__Exercise details__:
Produce a word-for-word copy of the listing below without its pictures.

__Supplied information__:
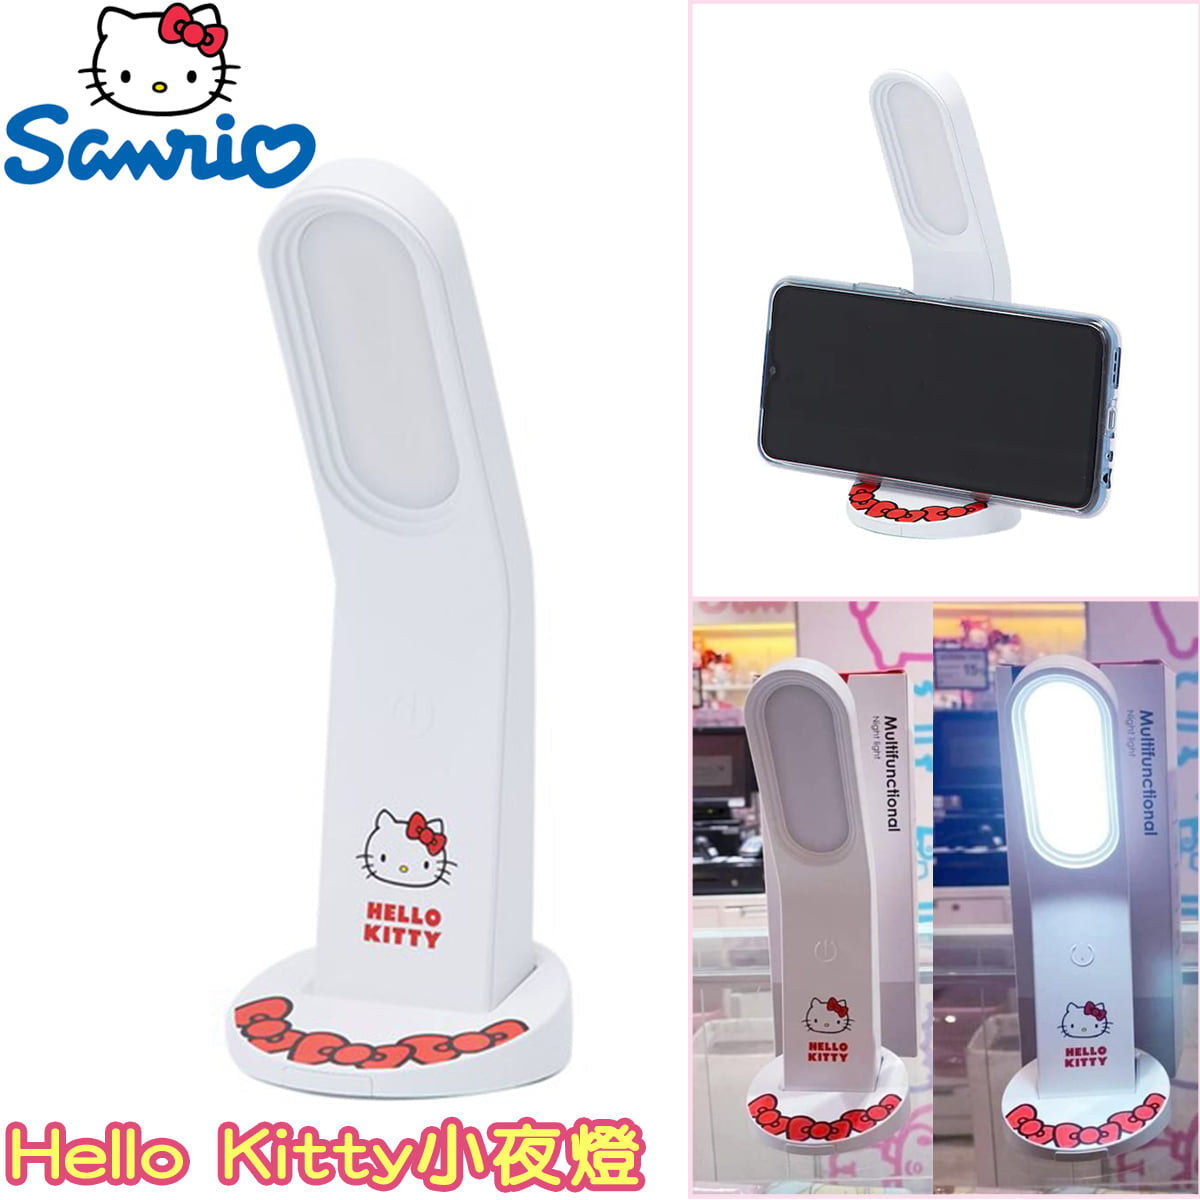 Desk Lamp Sanrio Hello Kitty (Thailand Edition)
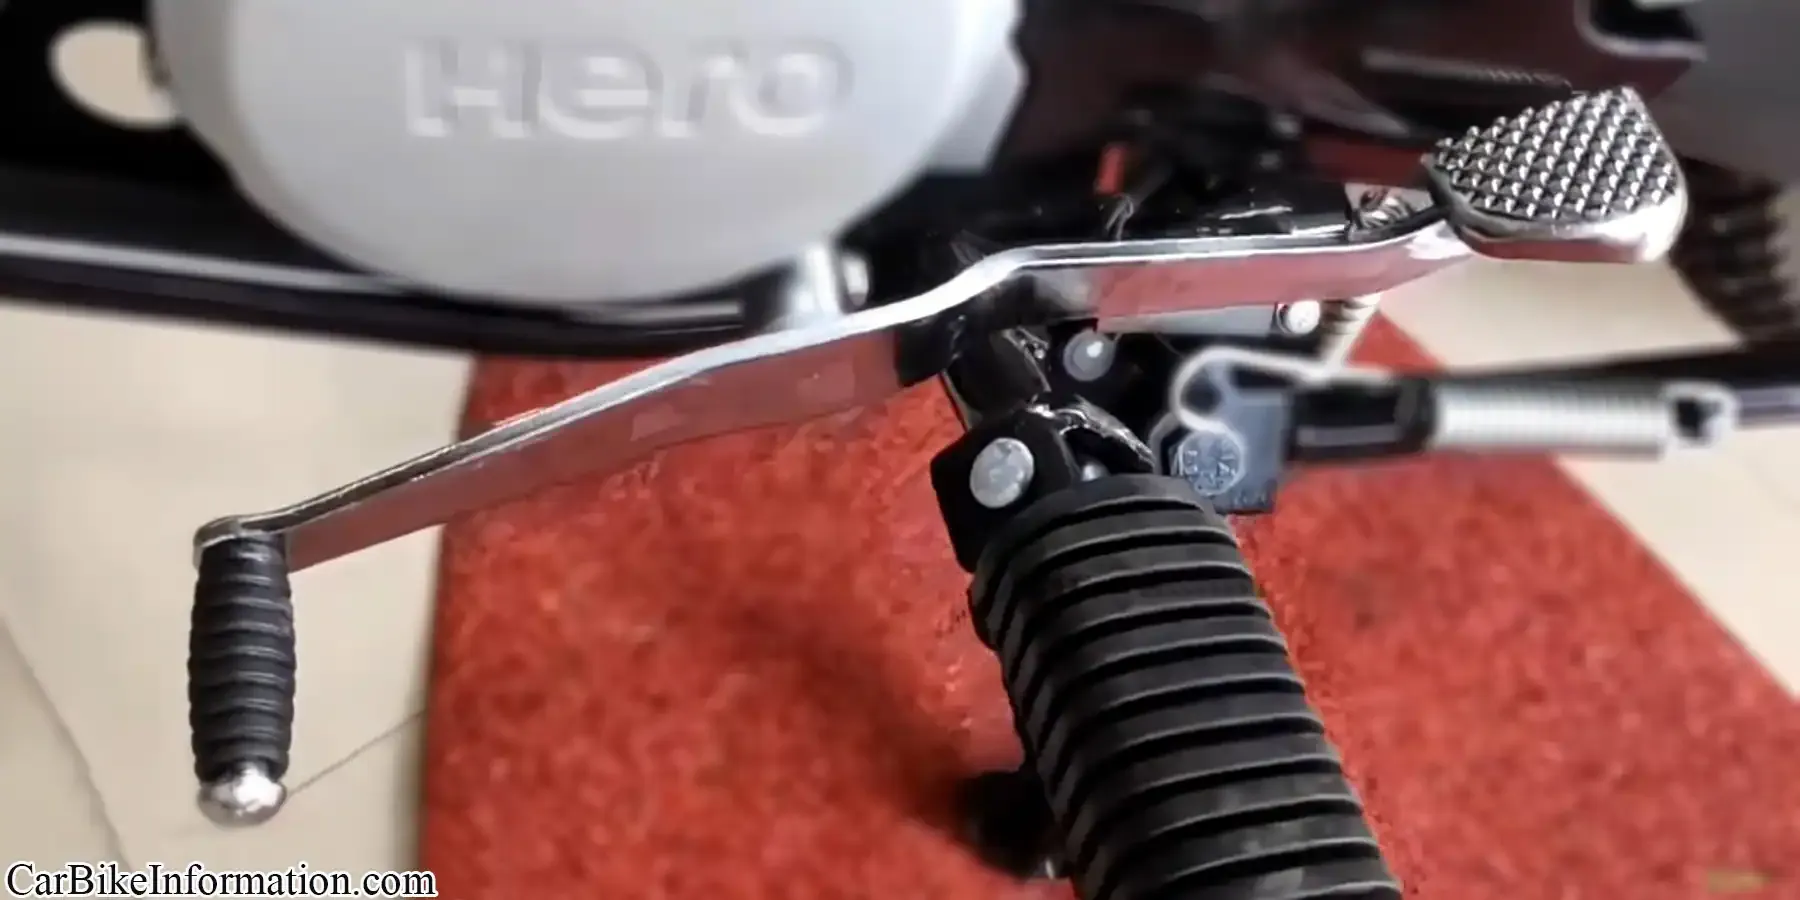 Hero HF Deluxe Gear Box
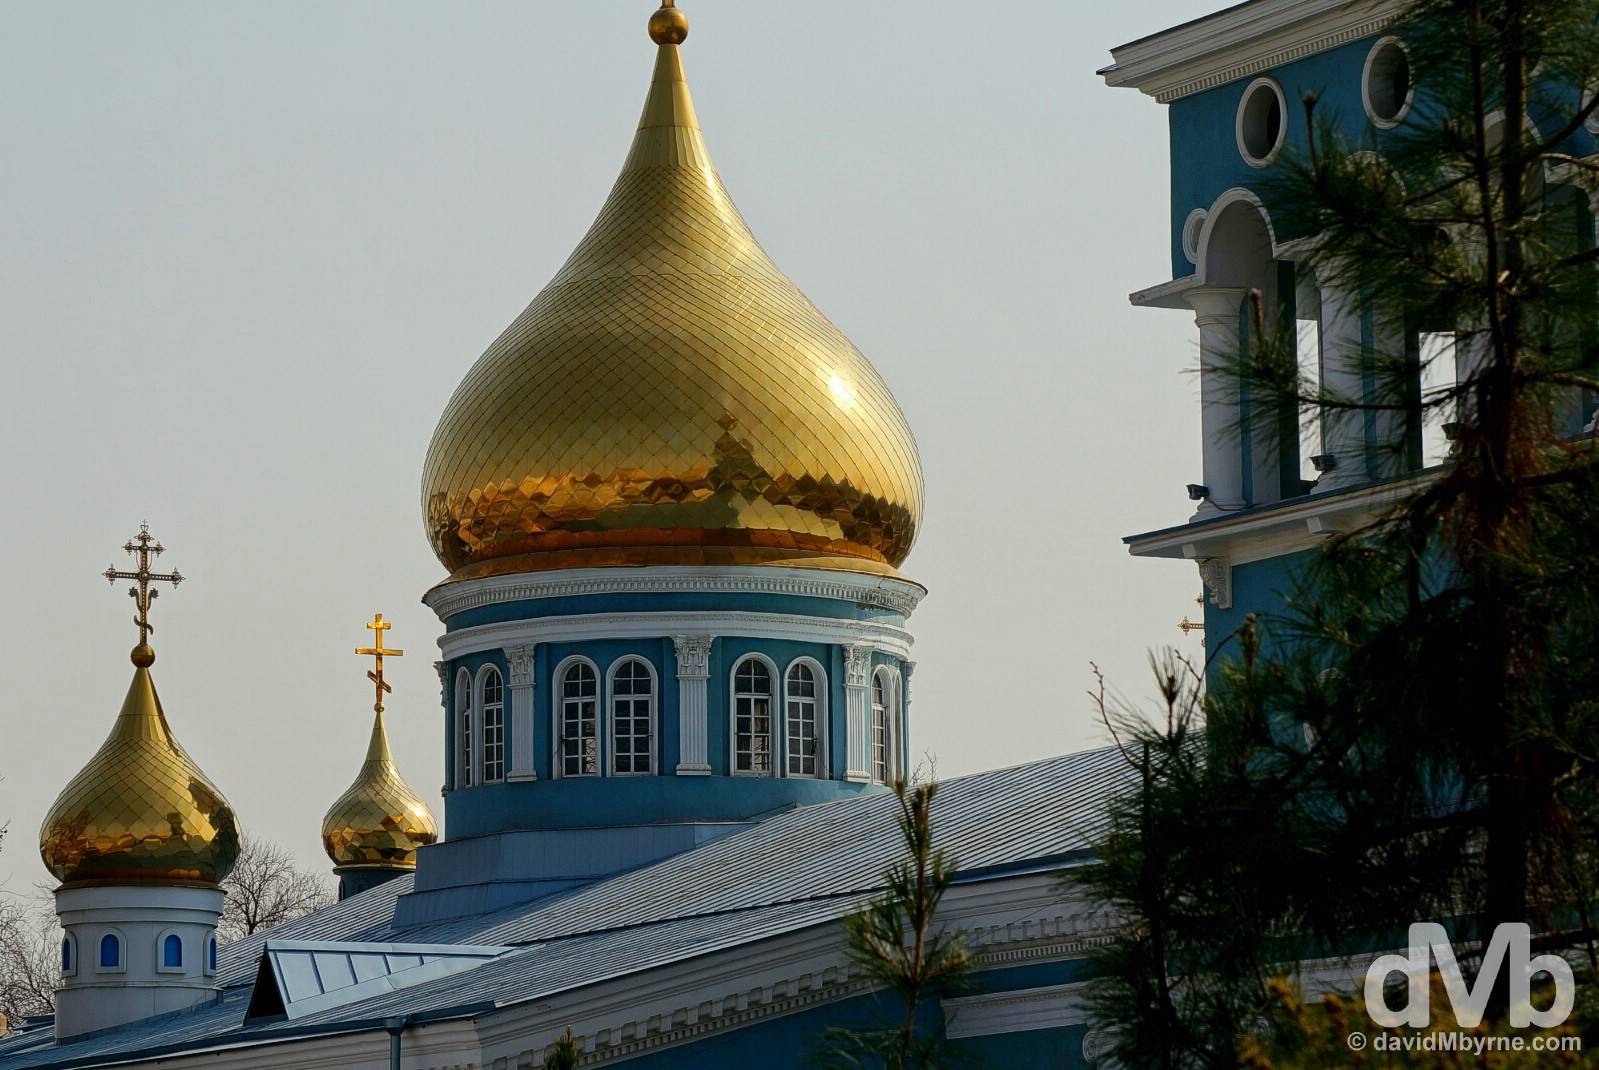 Assumption Cathedral in Tashkent, Uzbekistan. March 5, 2015.
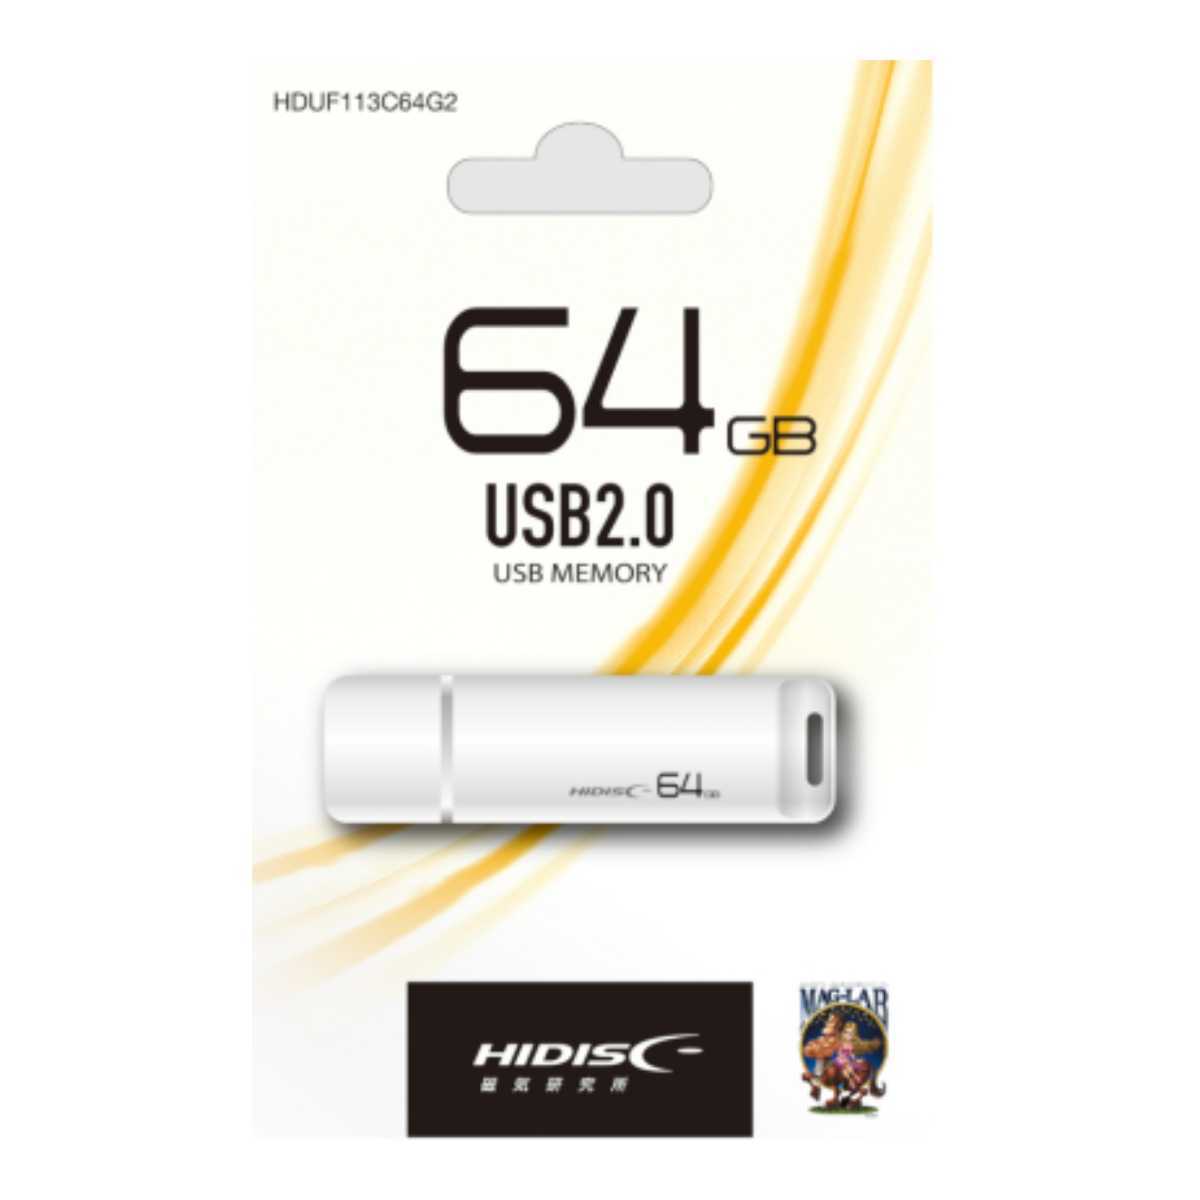 USBフラッシュメモリー 64GB (HI-DISC）HDUF113C64G2 二個セット 【1円スタート出品・新品・送料無料】の画像2

__Answer to the exercise__:
 Desk Lamp Sanrio Hello Kitty (Thailand Edition)
 Hero HF Deluxe Gear Box
 Assumption Cathedral in Tashkent, Uzbekistan. March 5, 2015.
 USBフラッシュメモリー 64GB (HI-DISC）HDUF113C64G2 二個セット 【1円スタート出品・新品・送料無料】の画像2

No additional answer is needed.